What makes this story kind of fun is, he and his friends gathered up the balloon after it landed and deflated, and they took it home. Because... WHY NOT, right? A giant balloon just lands yards from a bunch of 8-year-old kids.

Finders, Keepers! OF COURSE you're gonna take it home!

The next day, though, the government came knocking, and the poor kid lost his balloon.

"They took that balloon and you couldn't ge tone bit of information out of them, and they advised everybody do not talk about this balloon at all."

So naturally, he told everyone.

That exact balloon is now stored in a box, on display at the Byron Center Historical Museum, and once in a while, they'll unfold it, and re-inflate it as a history demonstration.

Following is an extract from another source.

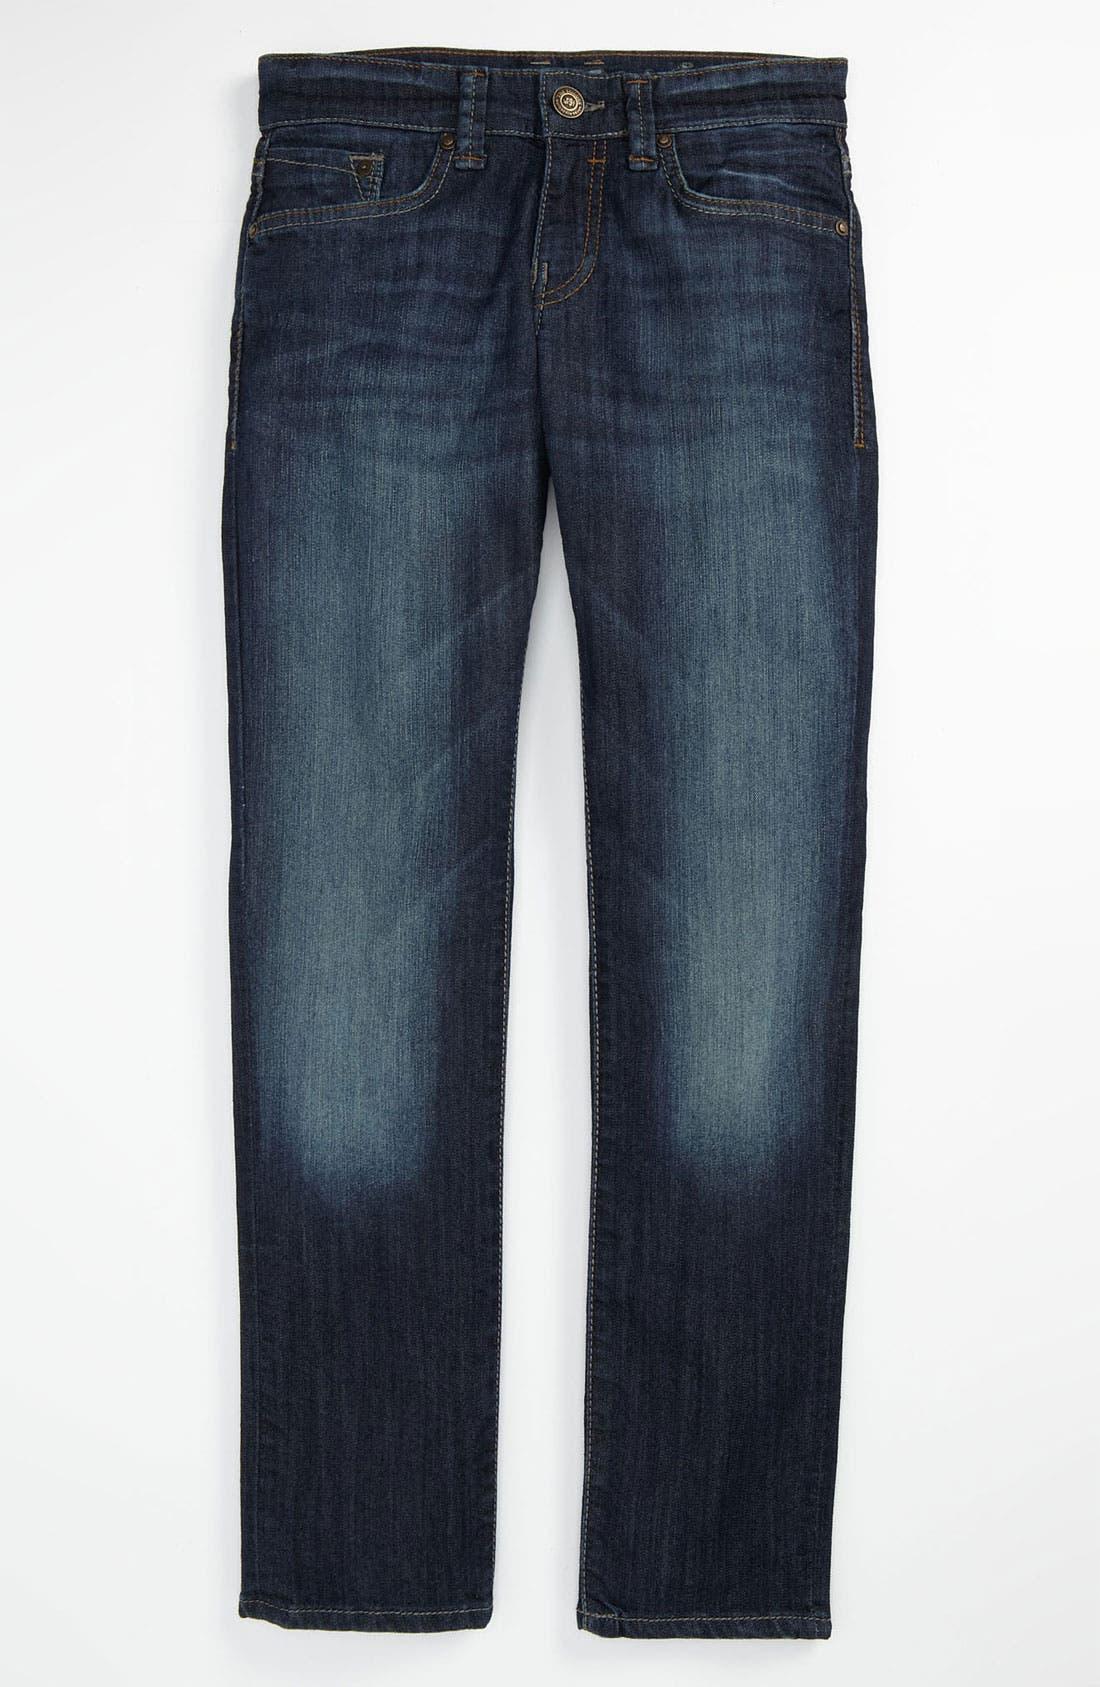 'Justin' Jeans,                             Alternate thumbnail 2, color,                             400

Only one of the Fu-Go balloons caused any significant casualties in the U.S. That one landed in Oregon, and killed six people, less than three months after "Buzz" and his friends found their balloon.


Thankfully, for these recent sightings, it seems the balloons do NOT carry any explosive devices, but if you happen to see one of these floating objects in the air... probably best to keep your distance. And DO NOT try to shoot it down... that's just stupid.